Call for Contributions to Notes from the Field: Fall 2025

Notes from the Field, a publication of the TPS Collective, is accepting submissions about teaching and working with primary sources for three series of peer-reviewed blog posts: “Art and Creative Making in Primary Source Instruction,” “Primary Source Kits,” and an Open Call.

These topics are drawn from subjects discussed at the 2025 TPS Fest and Conversations on the TPS Listserv. Grounded in issues your colleagues in the field are exploring, this call is intended to highlight a broad range of voices from all sectors of the TPS community. Please see the calls below for more information.

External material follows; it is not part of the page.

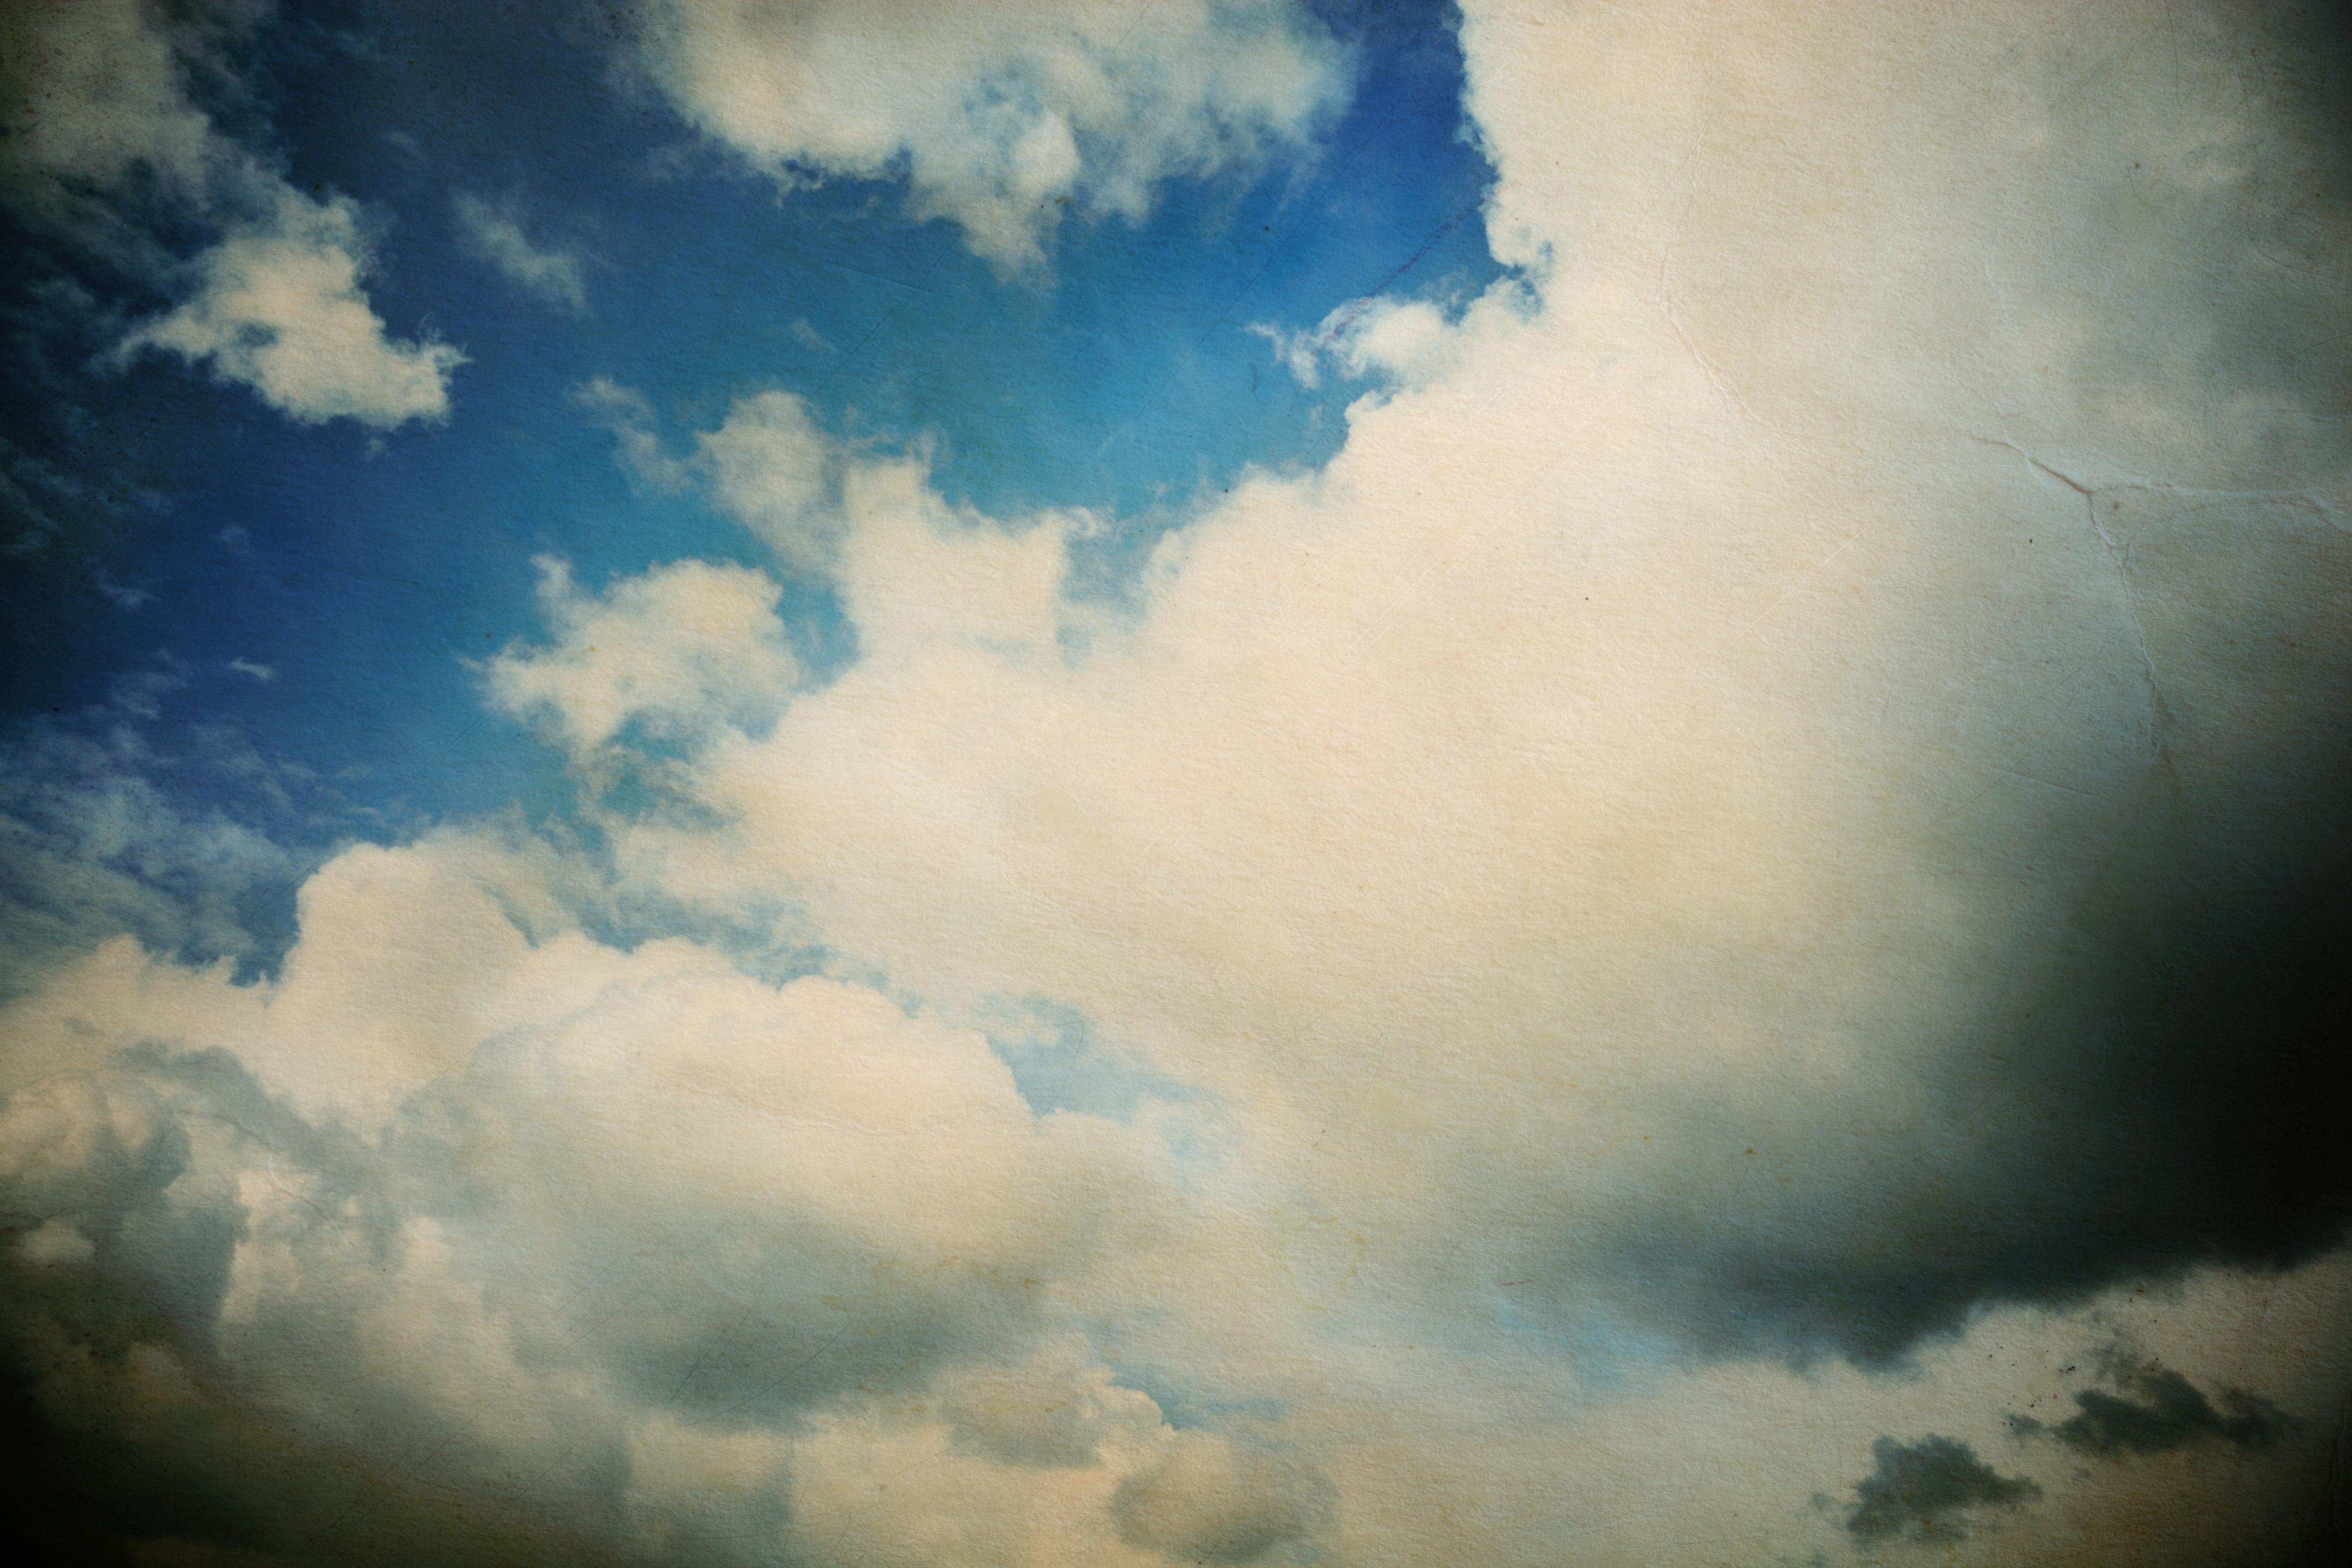 Free Stormy Weather Desktop Wallpaper

Art and Creative Making in Primary Source Instruction

Following up on a spectacular session at TPS fest, we want to hear about your experience with integrating art creative making in primary source instruction. Are your students making zines? Are they remixing or crafting creative, visual, or otherwise less conventional outputs than a written worksheet or assignment? For this series, we want to hear about it all. What works, what doesn’t work, or what you hope to explore in the future.

Primary Source Kits

For this series, we want to hear about your experiences with primary source kits, physical, digital, or hybrid. What were the logistics of making such a primary kit (e.g., audience, content, creator, etc.)? What have been the challenges and/or the successes? What are your hopes for the future of these kits? We look forward to hearing your answers to these questions and more to better understand the work being done by our colleagues with this tool for instruction and outreach.

An Open Call!

We are also accepting submissions on topics related to teaching and working with primary sources to be featured in peer-reviewed blog posts. While we ask that contributions fall into either our “Reflective Practice” or “Practical How-To” categories, this fall we are open to reviewing submissions from a range of contexts. Our hope is that this call for miscellaneous submissions will create opportunities for practitioners to submit work that may fall outside our recent thematic calls.


Contributions should be 1000-1200 words and are subject to Notes from the Field’s peer review process.

Posts will be published on a rolling basis beginning in October 2025. Full submission information is available in the Notes from the Field author and peer review guidelines.

Any questions, expressions of interest, or submissions can be sent to the Notes from the Field Lead Editor, Joe Lueck at lueckj@union.edu.

Call for Contributions to Notes from the Field: Spring 2025

Notes from the Field, a publication of the TPS Collective, is accepting submissions about teaching and working with primary sources for three series of peer-reviewed blog posts: “Paleography,” “Teaching with Born-Digital Materials,” and “Artificial Intelligence.”

These series were crowdsourced during the 2024 Notes from the Field TPS Fest session. Grounded in issues your colleagues in the field are exploring, this call is intended to highlight a broad range of voices from all sectors of the TPS community. Please see the calls below for more information.

Series One: Paleography

What tools, lesson plans, and/or activities surrounding teaching paleography and the reading of handwriting do you use? By leaving this call intentionally broad, we look forward to learning about a wide range of your ideas regardless of era (Medieval, Victorian, etc.), language (English, German, non-European languages, etc.), or audience receiving the instruction (K-12, graduate, general public, etc.). 

Series Two: Teaching with Born-Digital Materials

We want to hear about the ways you teach with born-digital materials. Do you introduce them in tandem with analog materials? How do you incorporate born-digital materials into sessions, and what instructional contexts do you use them in? Does teaching with born-digital materials inspires new sorts of collaboration with your colleagues?

Series Three: Artificial Intelligence

In this series, we are interested in the ways emerging AI tools are impacting your instruction experience. Are you incorporating AI into your lesson plans? Are students relying on generative AI to complete assignments? Are you working with faculty partners to differently shape instructional experiences in response to AI? Is it making things easier or more difficult?


Contributions should be 1000-1200 words and are subject to Notes from the Field’s peer review process.

Posts will be published on a rolling basis beginning in April 2025. Full submission information is available in the Notes from the Field author and peer review guidelines.